Corporate governance reform took a major leap forward in South Korea this week. Lawmakers passed a sweeping revision to the country’s Commercial Act. The change holds corporate directors accountable to all shareholders, not just to their companies.
The National Assembly approved the bill on Thursday with strong support. Out of 298 members, 220 voted in favor, 29 opposed, and 23 abstained. The vote reflects growing demand for greater corporate transparency and fairer treatment of minority shareholders.
President Lee Jae Myung is expected to sign the bill into law soon. His administration has championed corporate governance reform as a key to ending the “Korea discount.” This term refers to South Korean stocks trading below their global peers due to weak shareholder protections.

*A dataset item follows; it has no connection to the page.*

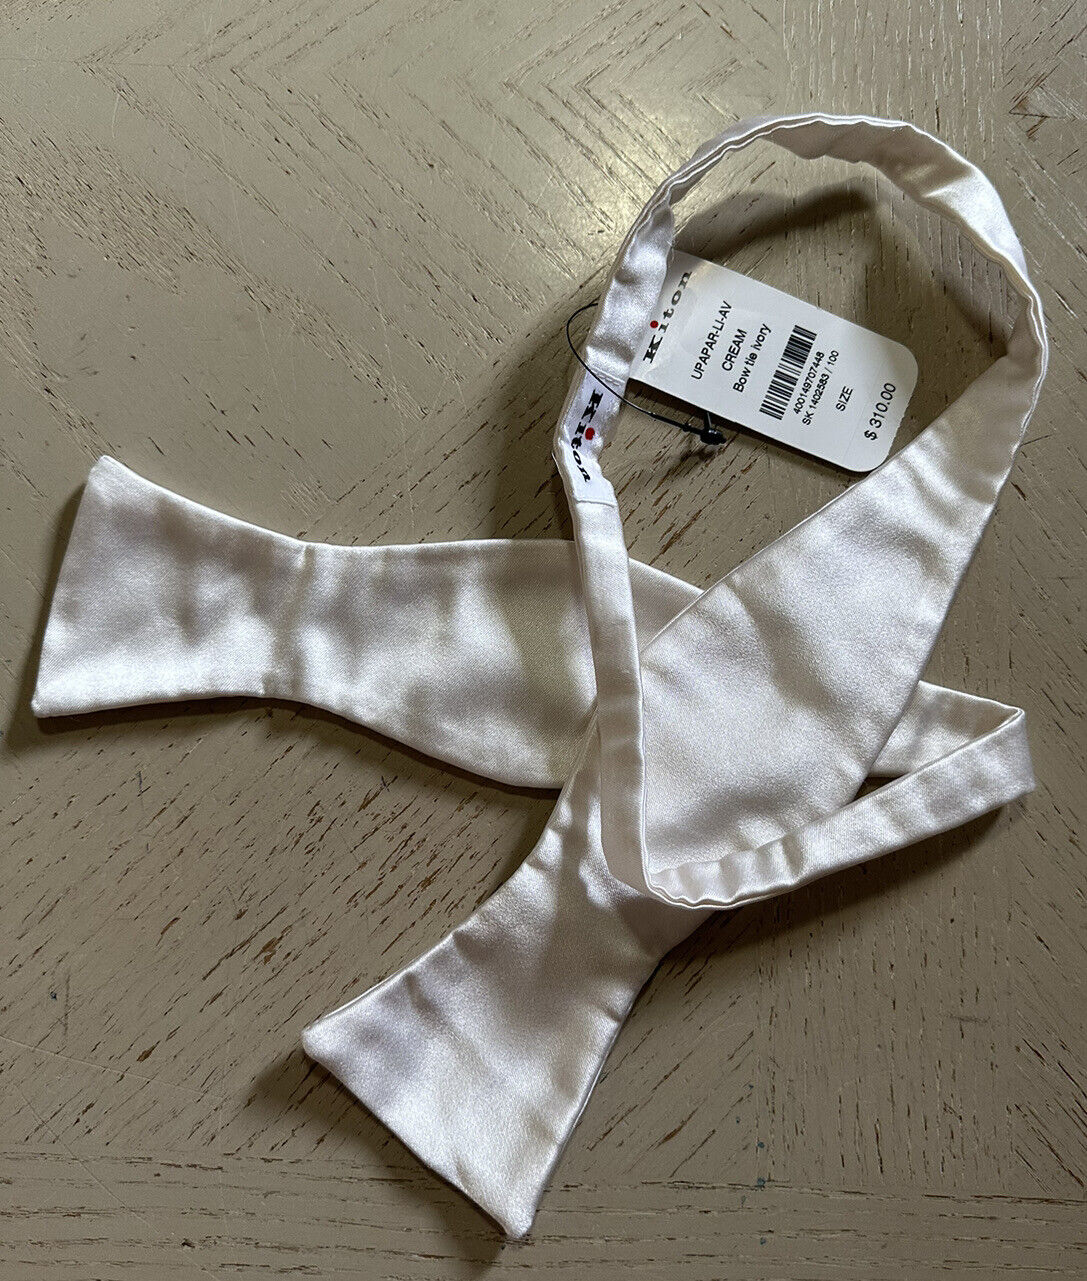 Новый шелковый галстук-бабочка Kiton цвета слоновой кости за 310 долларов в Италии.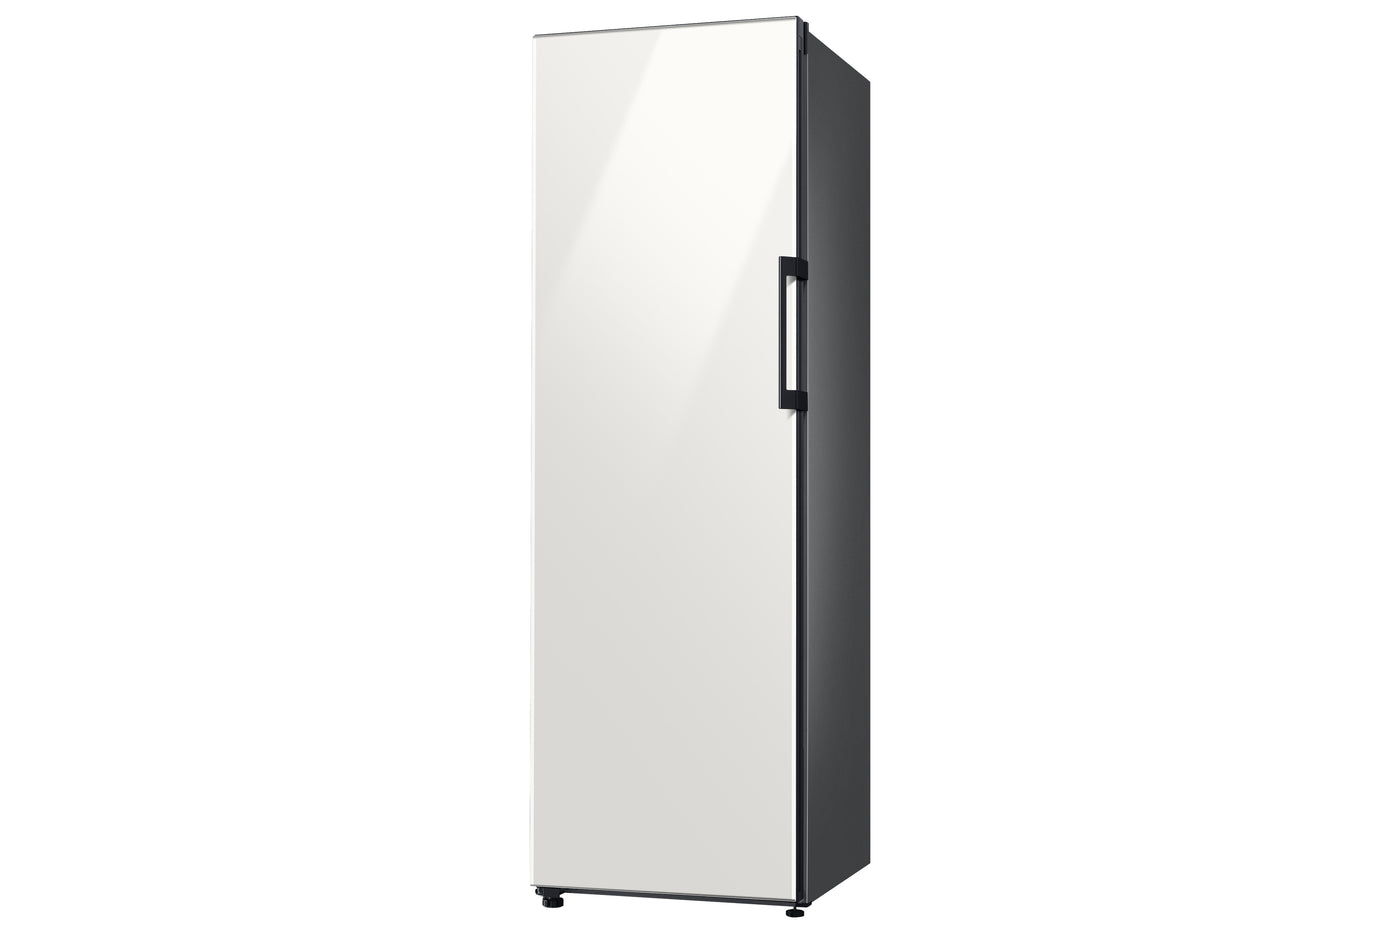 Samsung BESPOKE Smart Upright Freezer (Without Panels) (11.4 Cu.Ft.) - RZ11T7474AP/AA

The bill’s central change redefines fiduciary duty. Directors must now serve both the company and all its shareholders. This aims to stop favoritism toward powerful chaebol families.
Another major provision is the “3 percent rule.” It limits the voting rights of top shareholders to just 3 percent during audit committee elections. Previously, the rule applied only to internal directors. Now, it includes outside—or “independent”—directors as well.
Large listed firms must also hold electronic shareholder meetings in addition to in-person ones. And the term “outside director” will officially change to “independent director,” stressing autonomy from corporate leadership.
Corporate governance reform has excited many investors. After the bill passed, the Kospi index surged 1.34 percent to 3,116.27. That marks its highest close in nearly three years.
Analysts praised the bill as a turning point. Hana Financial’s Kim Doo-un said the law sends a clear signal to global markets. “This revision strengthens investor rights and supports long-term capital inflows,” he explained.
However, South Korea’s business community voiced concern. Several major associations warned the new rules could trigger lawsuits and activist pressure. They also feared the 3 percent cap might empower speculative investors.
Despite these concerns, both ruling and opposition parties agreed on the bill after intense talks. Some debated items, like mandatory cumulative voting, were postponed for later discussion.
Still, the momentum behind corporate governance reform remains strong. Lawmakers and stakeholders alike are now focused on follow-up legislation to balance corporate rights and investor protections.